I can remember standing outside a faculty member’s office as an undergrad, studying the Social Stratification poster outside his office that showed where Americans stood based on their income and wealth. When I first became a teacher, I bought that poster and would bring it into class when it was time to teach about income inequality. At the time, the poster would have needed to be 3 stories tall in order to capture the richest Americans and I used to joke with my De Anza students that I was going to make a 3 story long banner and unfurl it from the top of our tallest building on campus. ☺ I was shocked during the Winter of 2015 to get my poster based on the latest census data and to see that in the 18 years I have been teaching, the gap between the wealthiest Americans and the rest of us had widened from 3 stories to 1500 stories, from 36 feet to 5 miles. That phrase, 1500 Stories, haunted me. And I realized that I wanted to collect those stories and make real that 5 miles, that 1500 stories.

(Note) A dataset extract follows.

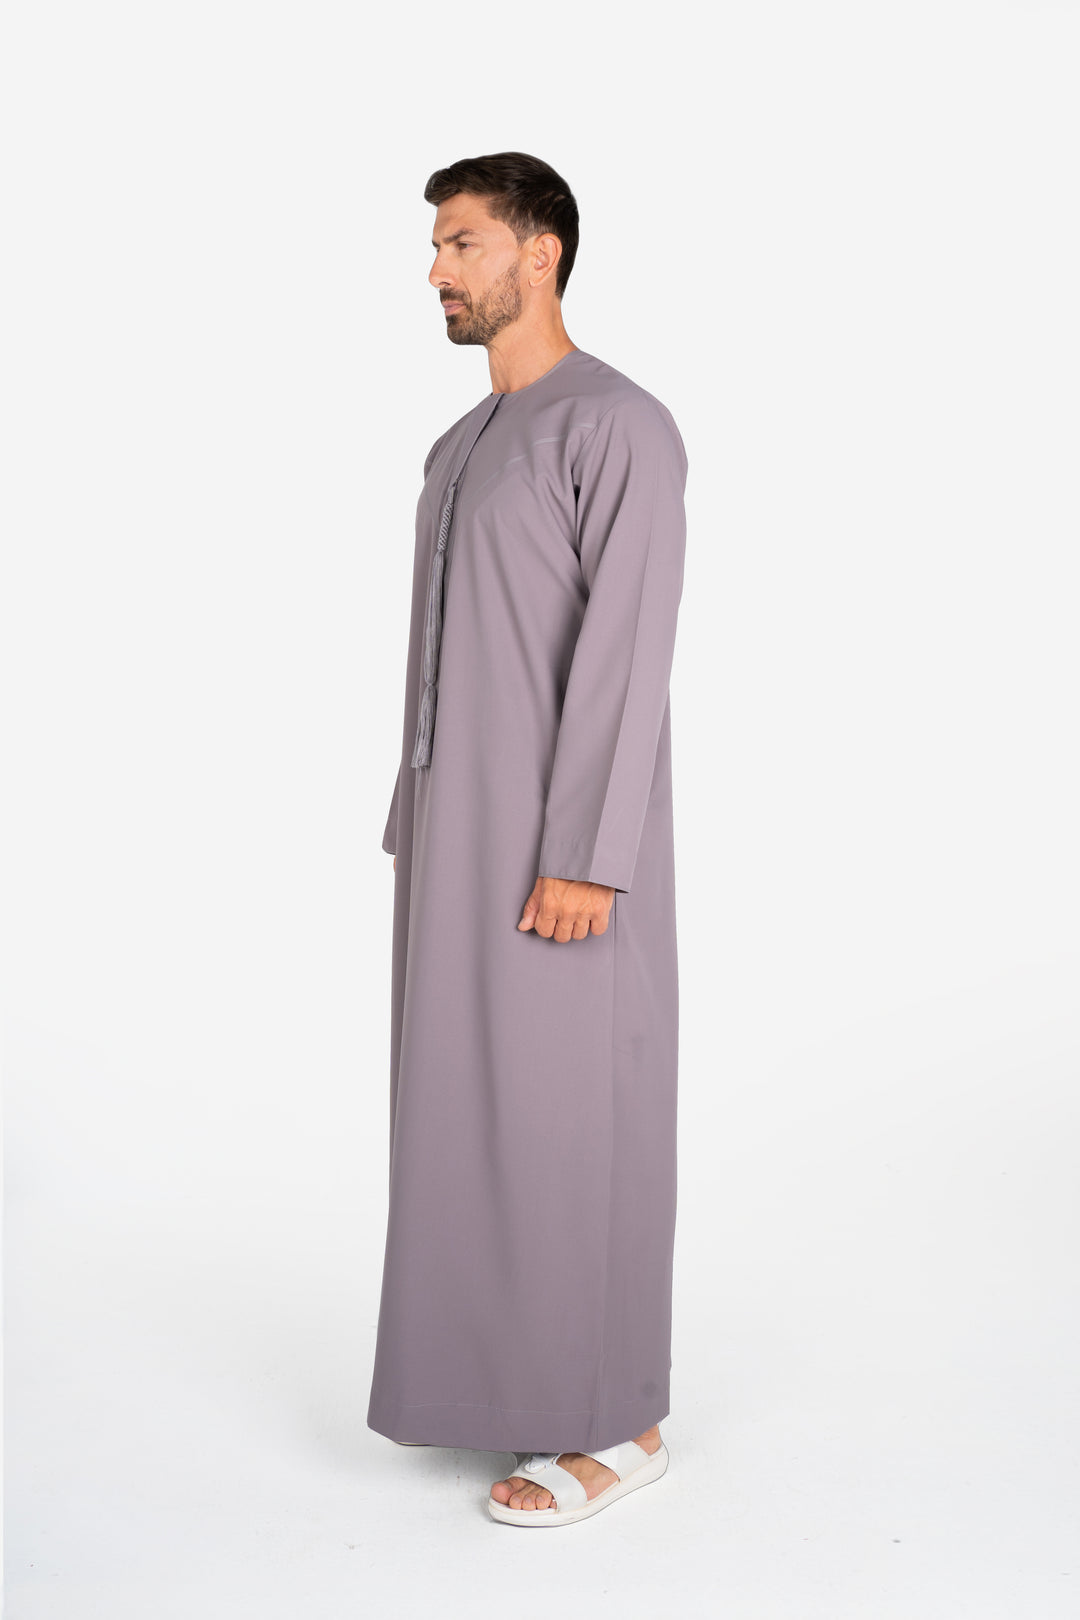 Basics Emirati Thobe- Slate Grey

A core working group of De Anza College faculty and staff, as a joint project of our three outward facing organizations–the California History Center, the Euphrat Museum of Art, and the Vasconcellos Institute for Democracy in Action–will be partnering with several community organizations in the Silicon Valley to begin story gathering this year. Since 2015 we have partnered with other community organizations to mount a series of public forums about economic inequality, including Sacred Heart Community Service, which serves 90,000 poor people in San José, and Silicon Valley Rising, as well as with On Route 22 and the Downtown Streets Team to do storygathering with San José residents who are homeless.  And volunteers at De Anza College, Foothill College, San José State University, and the LGBT Wellness Speakers Bureau in the Silicon Valley, the University of Wisconsin–Eau Claire, Palomar College in San Marcos, CA, and Monmouth University in New Jersey, and the LGBT Wellness Speakers Bureau.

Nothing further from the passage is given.